Another academic, Laura Gilliam, an associate professor in educational anthropology at Aarhus University, contends that minority children, particularly those with a Muslim background, are let down by the education system.

“Instead of looking at individual reasons, many teachers explain these childrens’ behaviour with stereotypical religious or cultural explanations,” she said.

“At least we feel safe here”
At Bazar Vest, a melting pot of cultures and favoured shopping destination by many immigrants in the city (most notably from Asia and Africa), many of its residents said that the rise in rhetoric had made them afraid to leave the district.

In Aarhus West, at least, they feel safe. “There are some white areas in Denmark where I’ve gotten dirty stares,” contended Jasmine Afolabi, a 13-year-old from the district. 

Afolabi, who is Danish by nationality but has parents from Nigeria and Namibia, said that she attends a nearby school in the Aarhus West area as it gives her a “sense of belonging”. 

Two burka-clad female immigrants with a Muslim background from Somalia conceded that racist attitudes prevail.
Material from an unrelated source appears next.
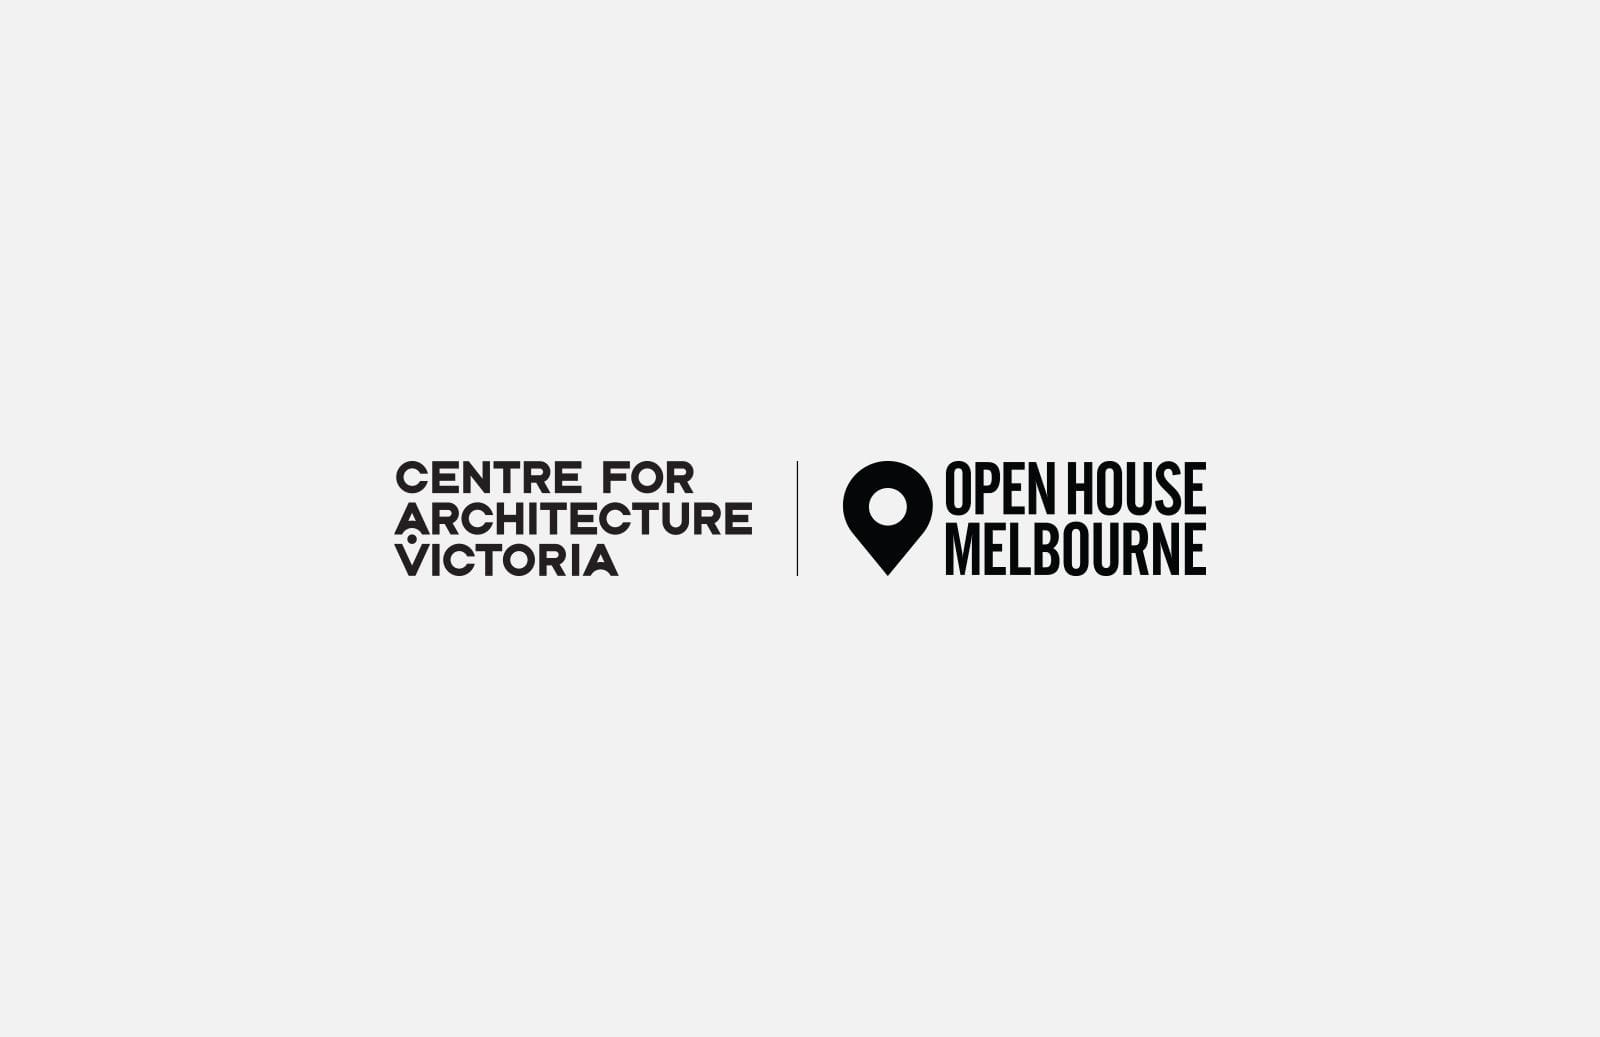 Centre for Architecture Victoria Open House Melbourne

Teka Ahmad and Asiili Sheikhnur narrated first-hand experiences of being uncomfortable outside their neighbourhood. 

Elaborating further, Sheikhnur termed the heavy Muslim enclave to be a ‘village’ of black people. “Outside this area, Danish people look at me in a racist manner,” she concluded. 

Dominic Sidibe, the BLM representative for the Aarhus chapter, agrees that most black people feel comfortable in Aarhus West. “It is a neighbourhood where most black people live and feel safe,” he said. 

Sidibe, an immigrant from Sierra Leone who has been living in Denmark for the past 14 years, contends that black people are often “stared at” or given unwelcoming looks. 

There’s a line 
But not everyone from Aarhus West feels discriminated against – if anything, many of the locals are quite laid-back about the situation.

“If you live in a country, you must respect their system, which I do,” said Mike Eke, an immigrant from West Africa. 

About 2,500 people gathered outside Aarhus City Hall in June to kneel in silence in solidarity with the BLM movement following the murder of George Floyd in police custody in May, but Eke was not impressed. 

“This was propaganda because nobody is protesting about the tens of thousands of black people who die in Africa every day,” he contended.

Mohamed Abdi Warsame, a Somali immigrant, does not think the problem is endemic: “I have been living here for 14 years and I find Danish people and Danish society to be one of the most tolerant in the world.”

However, some politicians, like Paludan, said Warsame, know all too well how to “provoke” people. Citing the 2005-06 Mohammed Cartoons controversy, he conceded there is a line you should not cross.

“Even some of the locals disagreed with that,” he said.